Background information
- Origin: Plasencia, Extremadura, Spain
- Genres: Hard rock; punk rock; progressive rock;
- Years active: 1987–2019
- Labels: Avispa Área Creativa/Pasión Cía. Discográfica DRO/Warner Music Group El Dromedario Records
- Members: Roberto Iniesta Iñaki "Uoho" Antón Miguel Colino José Ignacio Cantera
- Past members: Salo Eugenio Iñaki "Milindris" Setién Kaito Carlos "El Sucio" Miguel Ferreras Ramón "Mon" Sogas "William" Luis "von Fanta" Jorge "El Moja" Alberto "Capi" Gil Diego Garay
- Website: extremoduro.com

= Extremoduro =

Spanish hard rock band

Extremoduro (/es/) was a Spanish hard rock band from Plasencia, Extremadura.
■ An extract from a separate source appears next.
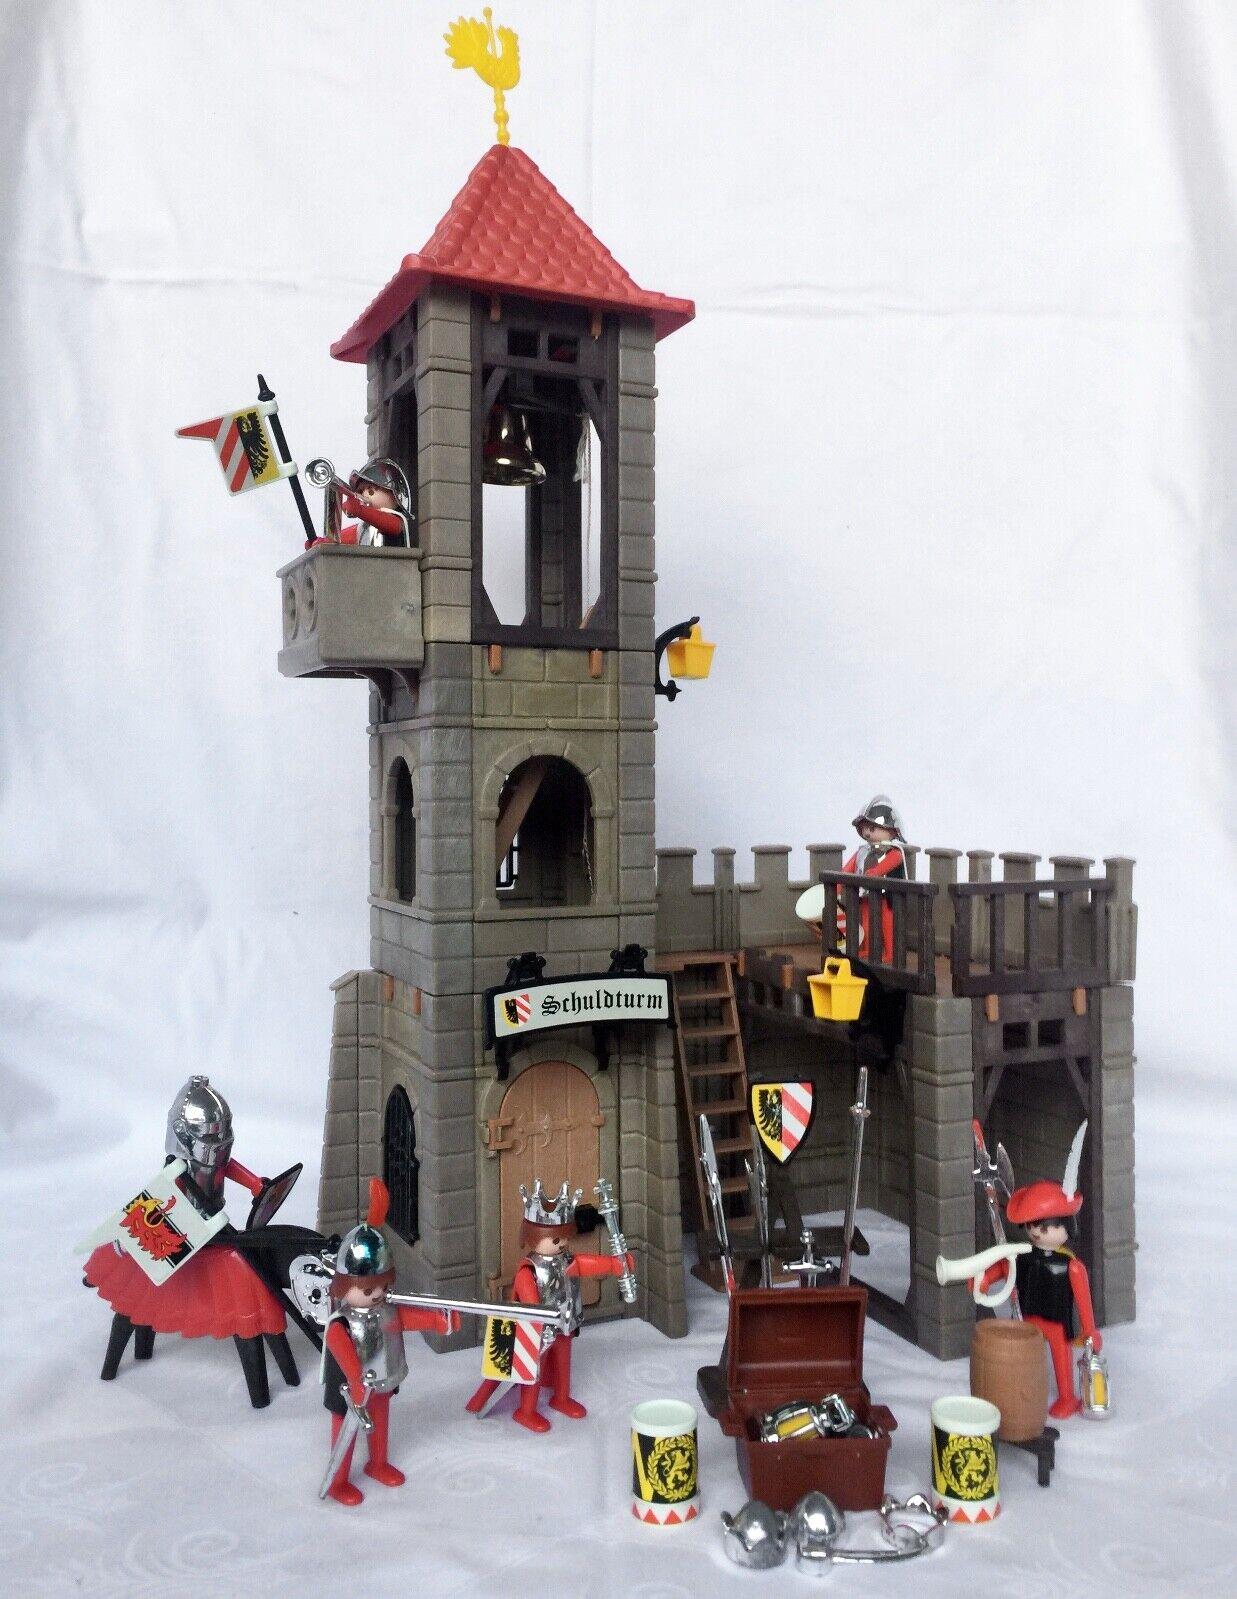 Playmobil 3445 Schuldturm + Zubehör Ritter Burg Mittelalter

The band was led by Roberto Iniesta, also known as "Robe", who is often referred as "El rey de Extremadura" (lit. 'the king of Extremadura'). The name Extremoduro is a pun on the band's home region in western Spain, Extremadura, and may be translated as "extremely tough", "rough edge", or "hard extreme".
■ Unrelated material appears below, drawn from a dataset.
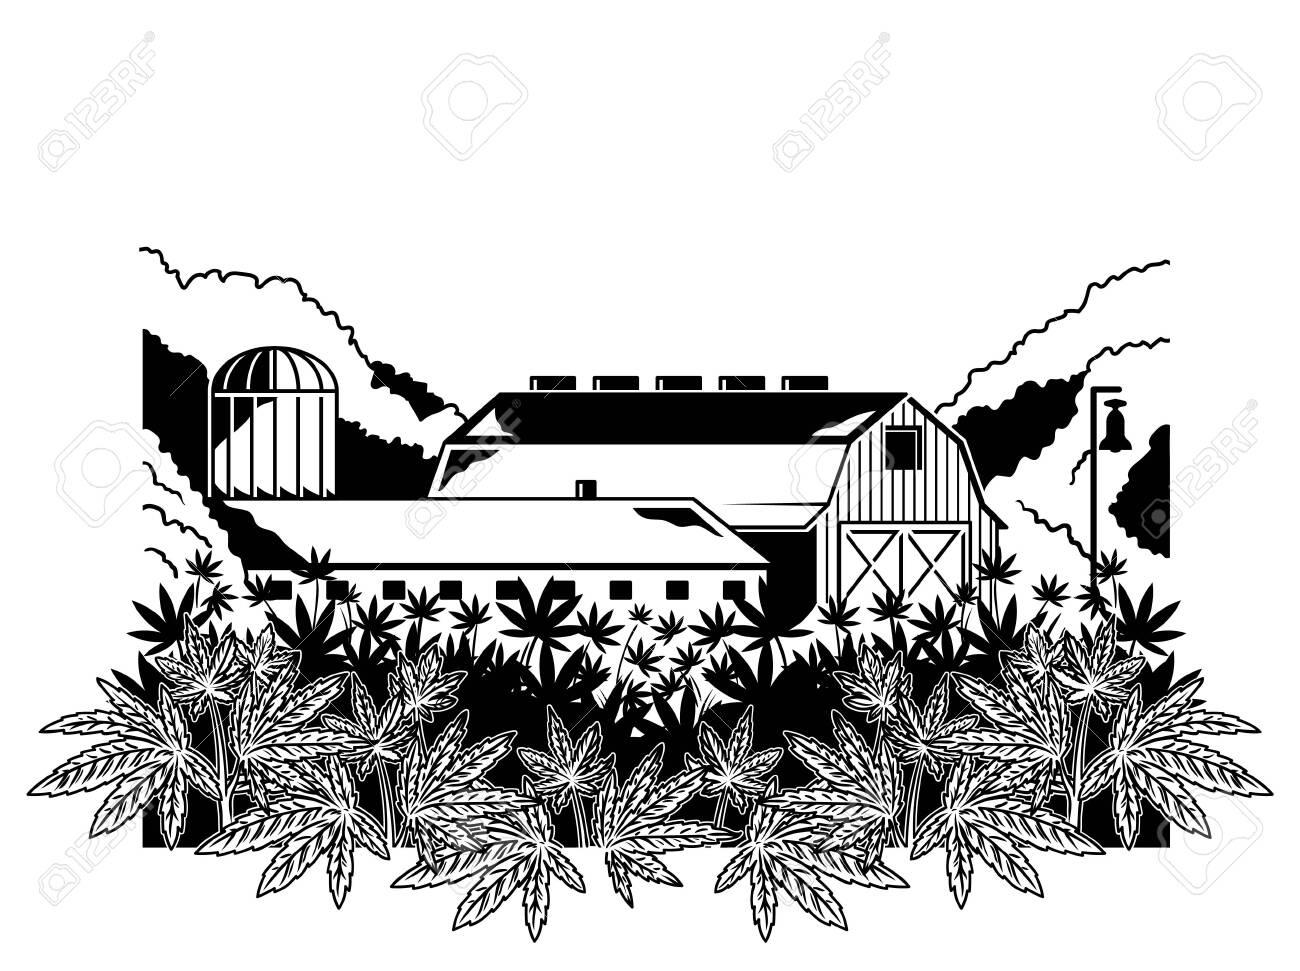 Big Cannabis Farm Plantation Of Marijuana Natural Product From Royalty Free Cliparts Vectors And Stock Illustration Image 127836544

The band was created in 1987 and is regarded as one of the most influential bands of the Spanish hard rock scene, besides being a symbolic representative for their region. Influenced by Spanish literature, Iniesta's lyrics are often described as rude street poetry, with frequent allusions to drugs, sex and self-destruction.

Songs by Extremoduro include "So payaso", "Golfa", "Salir", "Extremaydura", "Puta" and "Jesucristo García". The highest moment in the band's career was probably reached with the release of their album Agila, which was awarded a prize for best video in the first edition of the Spanish Music Awards in 1997.

It is considered one of the best Spanish bands ever by several music magazines. They were ranked number 6 on Rolling Stone's "50 Greatest Spanish rock bands".

In December 2019, the band announced a farewell tour of eight cities for May and June 2020. Due to the COVID-19 pandemic, the tour was first postponed to autumn 2020, then cancelled and the band officially disbanded.

== History ==
=== 1987 to 1991 ===

Extremoduro's logo.

Roberto Iniesta (also known as "Robe") established the band in the summer of 1987 in Plasencia, the second most important city of Cáceres, a province of the west of Spain. Previously, in 1983, he had formed the band ‘Dosis Letal’ with Zósimo "Zosi" Pascual, with whom he composed the song "La Carrera", that would later come to be the penultimate track of Extremoduro's 1996 disc Agíla.

Extremoduro were initially formed by Robe, as vocalist and guitarist, "Chico" on the bass and "Miguelin" on the drums. This initial set-up lasted just a few months, after which Robe decided to reconfigure the group and found Salo and Louis "von Fanta" to replace Kaito and William respectively. With this new dynamic in place, and with the difficulty they faced recording an album, they decided to sell vouchers to their acquaintances (at a thousand pesetas each) that would entitle each of them to a copy of the demo tape after it had been produced. They sold 250 of these "coupons" (whose buyers are credited in the finished production). After this, they produced 1000 copies of this first "demo" which already contained some of the quintessential anthems of the group, such as "Extremaydura" or "Jesucristo Garcia"; the collection is Rock transgresivo.

The distribution of this transgressive musical offering of rock began to attract attention inside and outside their home region of Plasencia; it was so well received that the Spanish television program Plastic invited them for a live performance. They were then selected for the national final of the Yamaha trophy in which they finished third.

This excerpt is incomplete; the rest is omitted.